A Package
A week later, Nellie waits for me on her porch. I give her my letter to Corporal Westy and two cents for postage. She hands me two more letters! One from Mr. Redmond, one from Florence. He tells me he enjoyed the reunion. She writes the way she talks, flitting easily from one subject to the next. She mentions Chance is busy getting ready for college, and slides quickly into a tale about a lady I don’t know. I wish she’d said more about Chance.
Nellie takes to waiting for me every week, pelting me with questions about the letter writers in my life. When I don’t tell her much, she questions me about Aunt Freddie and Mr. Crutcher.
“They’re getting married,” I say.
She already knows that. When I don’t give her an earful, she says she told Jess Willoughby I get letters from “gentlemen.”
“That boy was green-jealous. Ya know he’s took with ya.”
Considering Nellie’s prying, I’m right surprised she hasn’t heard Mama and Nancy Willoughby are close as two kernels on the same corncob. And Nancy already told me Jess is sweet on Ruthie Pender. If you ask me, Nellie’s the one who’s green-jealous over Aunt Freddie and Mr. Crutcher.

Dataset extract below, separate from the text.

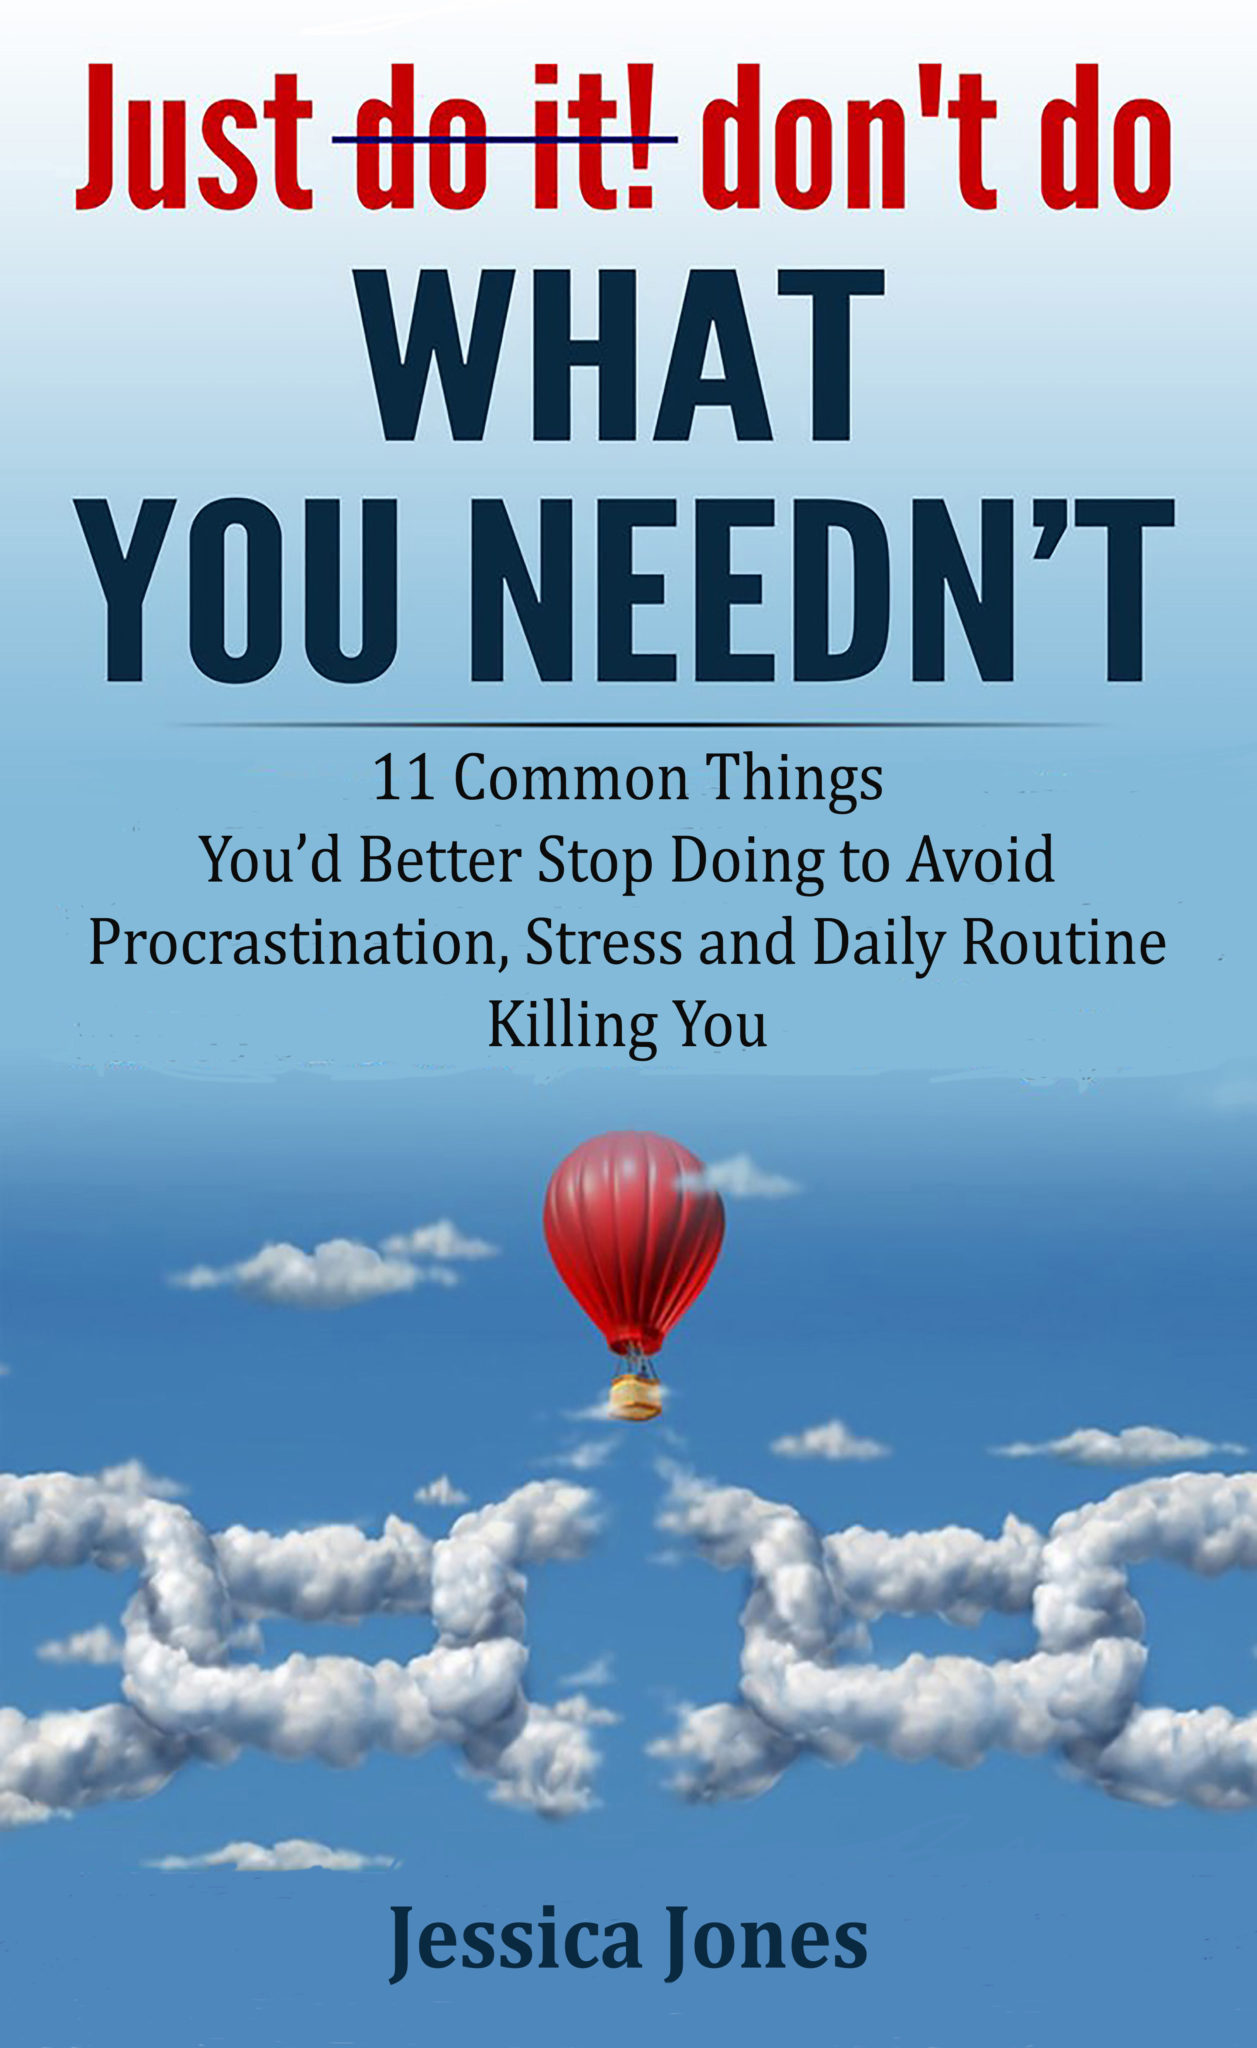 FREE: Just Don’t Do What You Needn’t: 11 Common Things You’d Better Stop Doing to Avoid Procrastination, Stress and Daily Routine Killing You by Jessica Jones

Yet, she is among the congregation when the circuit-riding preacher joins them in marriage.
A few days after the wedding, Nellie rushes from her porch when she sees me, unable to catch her breath by the time she reaches me.
“A package,” she pants. “This time ya got a package.”
A small package wrapped in brown paper has Florence’s return address, but the handwriting is not hers.
I thank Nellie and hurry away so fast I forget the newspaper. I run back and snatch it from her hand before she has time to sweeten the annoyed look on her face.
I sit on the creek bank, where my torn piece of petticoat still flutters, though the stone it marked lies in our cemetery in a row with six others.
Inside the package—with a tin of butterscotch candy—is a note.
I want to cheer you and wish I knew a way to send a box of warm breakfast buns like I carried the day we met. I hope you will be content with butterscotch candy. I recall you said you like it.
If you would like to cheer me, nothing would please me more than a letter from you. You said you like to write.
Change
The scent of butterscotch used to call to mind Pender’s store. Now it makes me think of Chance, and I vow to keep it forever.
Now when I write letters, I write to Chance. Or Corporal Westy. Or Florence. I hope the ancestors and babies don’t feel neglected. I haven’t stopped caring about them, but it gives me such pleasure to receive letters in return.